NPM billed itself as javascript primarily and never tried to sell itself to front end developers. Not terribly hard, it was definitely for node development. It was almost literally a branding issue. I think another big problem was the continued separation of concerns employed by most node developers. They tend to keep their front end/client side code in one directory bunched up together such as `/assets` or `/client` and then use the the rest of the project structure for their models directory, controllers, etc.
A real back end system requires this complex set up while there has been a long trend of front end being as light weight as possible while providing as interactive an experience as possible.
With the continued rise of SPA's though the front end is now easily as complex as the back end, and in fact shares a lot of the same logic. With build tools like GulpJS it's possible to fix this structural issue and now keep your code more logically grouped by function, group all of your users files, all of your messages files together and then concatenate and minify your client into a single file for production.
Anyways, so for a SPA you'll end up with a ton more dependencies, both css and js files. Bower billed itself for this purpose. Their branding and singular purpose made thing far easier.
I also prefer bower because it has a significantly better search and sort method in comparison to npm.
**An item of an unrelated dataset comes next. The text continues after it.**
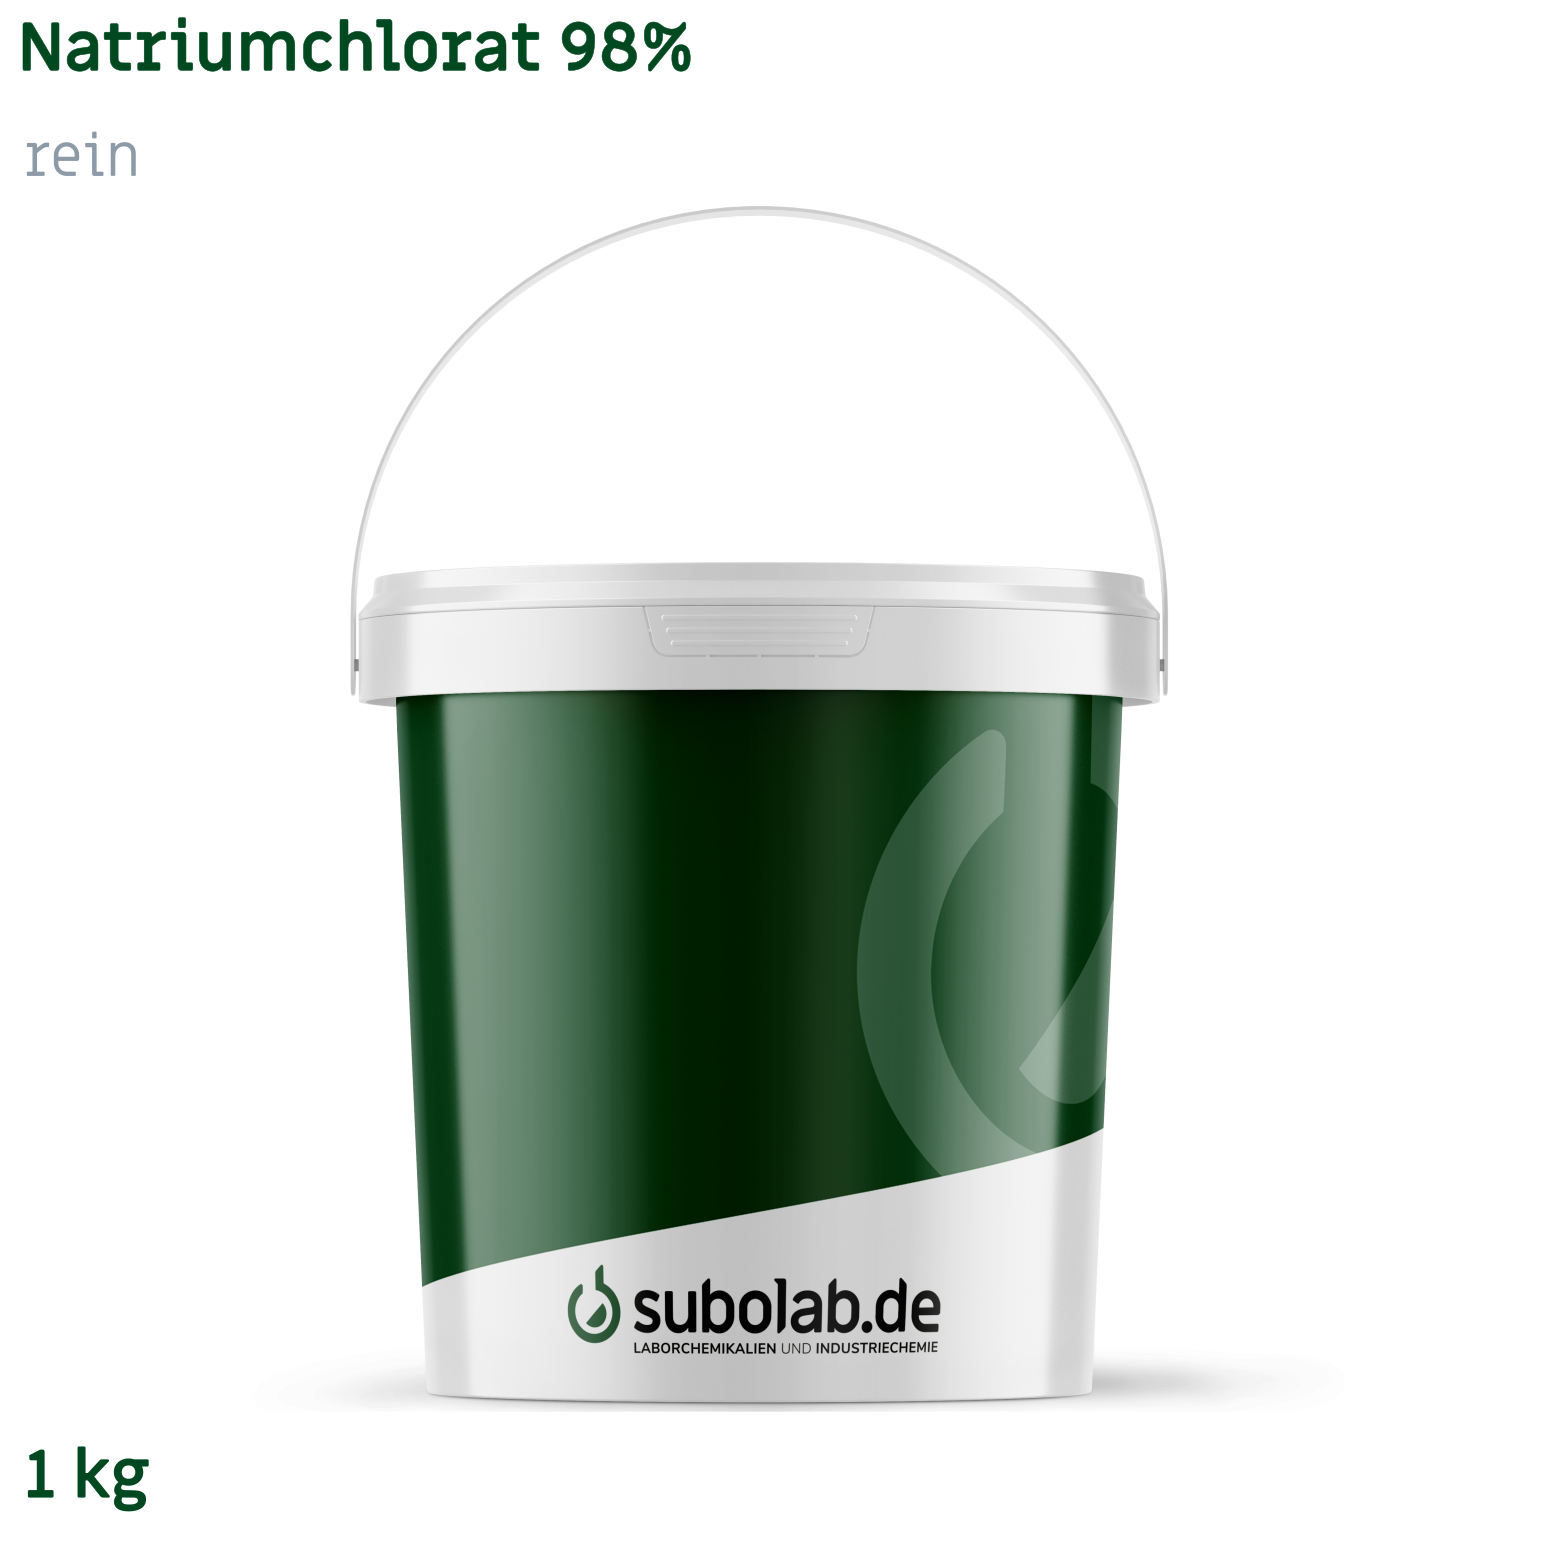 Bild von Natriumchlorat 98% rein (1 kg)

I remember thinking it was very odd that the old version of the site said that bower had no dependencies.
no, it doesn't. bower has nothing to do with module loading.
Bower is also (easily) configurable where bower_components will be, whereas I don't think NPM is as easily.
In practice, I do find it much easier to pin dependencies and install from my toolchain's package manager (pip/PyPI).
Have you used Bower? I haven't but I watched a video of some guy speaking of Bower who pretty much said the same thing you did but changed his mind after trying it out.
I haven't tried Bower yet but kept that anecdote in mind and plan to try it to see what all the fuss is about.
From my understanding, a single command will take away all those intermediary steps between deciding to use a library and actually using it. No need to navigate to the project's page, looking for download link, downloading it, extracting and copying to the project directory.
Sounds good in theory to me; just haven't the chance to try it yet myself. Mostly because npm happens to have everything I would have used Bower for.
Try managing a complex single page app with deep dependency graphs and each node in that graph versioning up independently. Not sure how your approach would scale there.